The Reserve Bank of India projected RBI FY27 growth at 6.9% in its April monetary policy review, the first bi-monthly policy of 2026-27. The number is positioned as resilient against West Asia headwinds, yet it sits a full 70 basis points below the 7.6% estimated for FY26. The MPC also held the repo rate at 5.25% for a second straight meeting and retained a neutral policy stance. (Source: Outlook Business)
For investors with exposure to oil-linked names, banks, exporters, and rate-sensitive sectors, the gap between the RBI’s framing and what outside forecasters are saying is the real story to track over the coming quarters. The “resilient” tag does not mean unchanged — it means slower, with new downside channels explicitly named by the central bank.
What the RBI FY27 growth call actually contains
Governor Sanjay Malhotra outlined five channels through which the West Asia crisis could weigh on India — higher energy prices, supply-side disruptions, capital outflows, weaker global demand, and tighter financial conditions. The RBI built in a crude price assumption of $85 per barrel for FY27, up sharply from $70 in H2 FY26. FY27 headline CPI inflation was revised up to 4.6%, with the quarterly trajectory peaking at 5.2% in Q3. (Source: Business Standard)

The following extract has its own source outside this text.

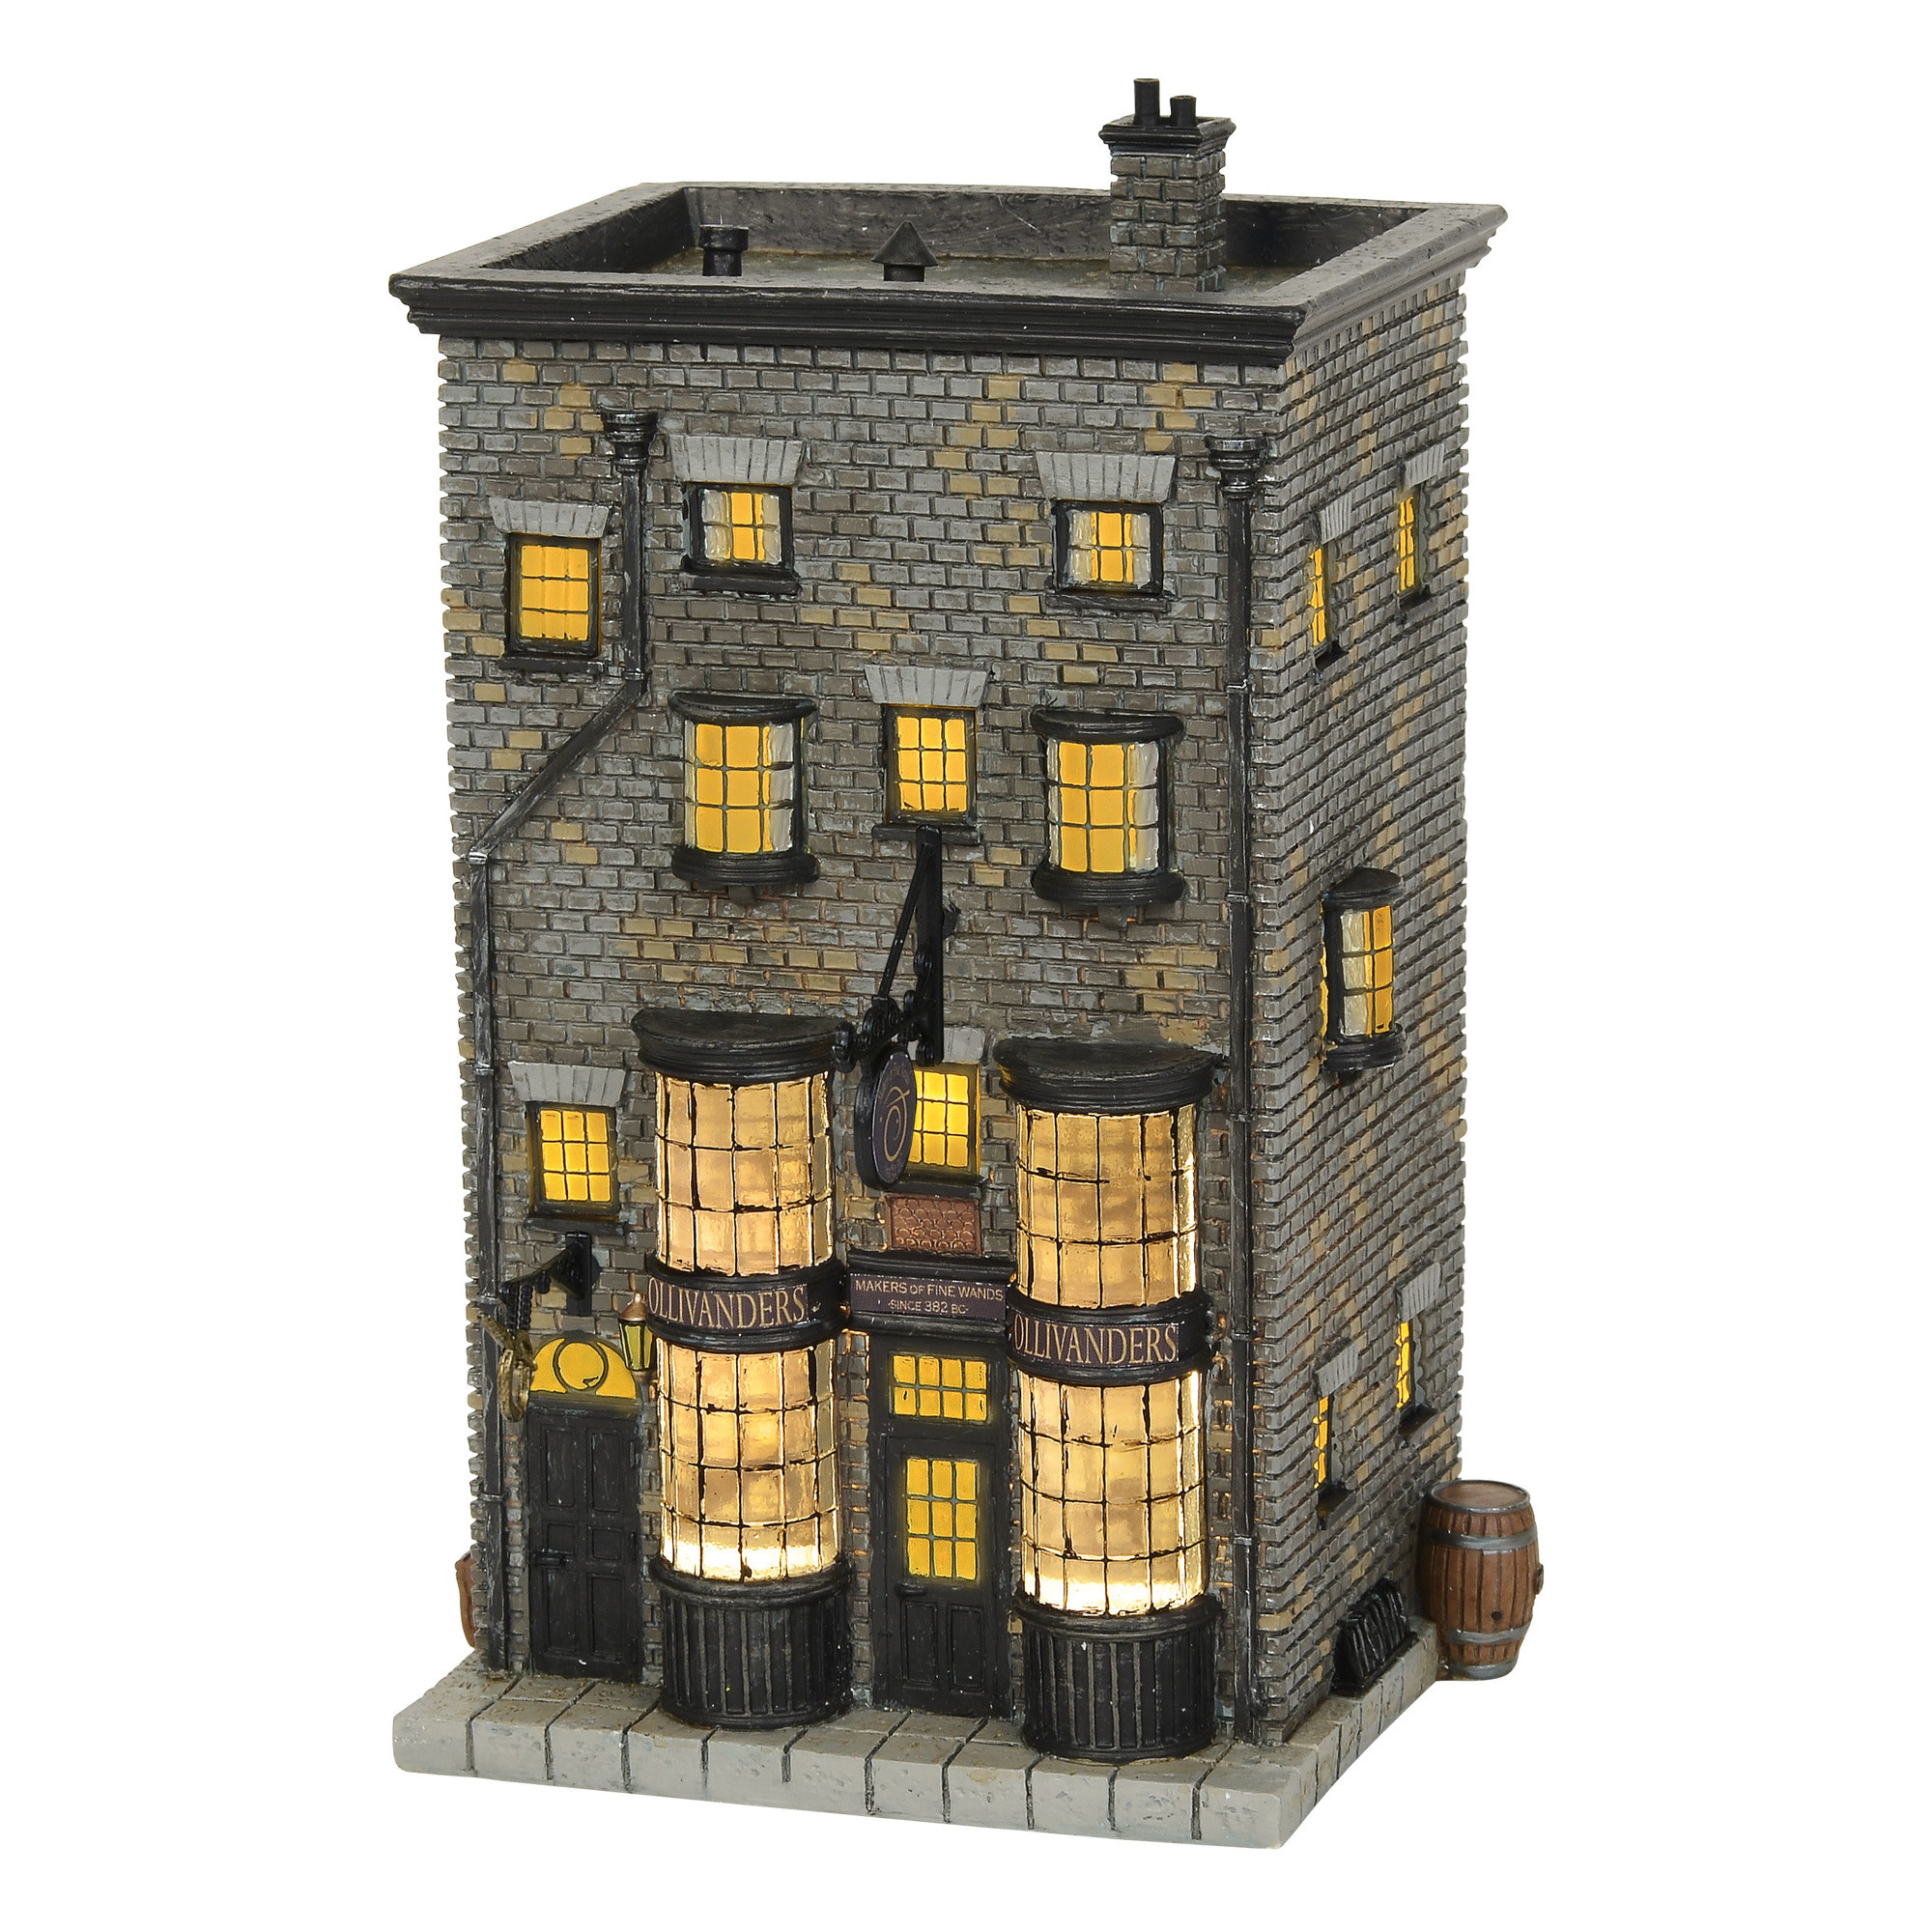 Department 56 Department 56 Harry Potter Village Ollivander's Wand Shop

How other forecasters are reading the same data
India Ratings projects FY27 GDP at 6.7%, below the RBI FY27 growth print, and expects the repo rate to stay at 5.25% through the fiscal year. It assumes oil at $95 per barrel and a rupee depreciation of 6-7% on average. (Flagged as a single-source view from India Ratings — not yet a market consensus.) (Source: Business Standard)
S&P Global Ratings takes a different angle. Indian banks are well positioned to absorb the shock thanks to strong capital buffers, the agency said. But in a stress scenario where Brent averages $130, corporate EBITDA could fall 15–25% in FY27 and banking-sector bad loans could rise to roughly 3.5%. (Source: Business Standard)

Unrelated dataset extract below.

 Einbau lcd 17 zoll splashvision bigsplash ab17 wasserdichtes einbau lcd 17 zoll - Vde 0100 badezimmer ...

What investors should verify, not act on
- Crude oil pass-through in Q1 FY27 results of oil marketing companies, paints, aviation, and specialty chemicals — check management commentary on input cost absorption.
- Banking-sector commentary on asset quality, particularly export-heavy SME books and unsecured retail, where any FY27 stress would show up first.
- FII flow data and rupee movement, since the RBI flagged capital outflows as one of the five named risk channels.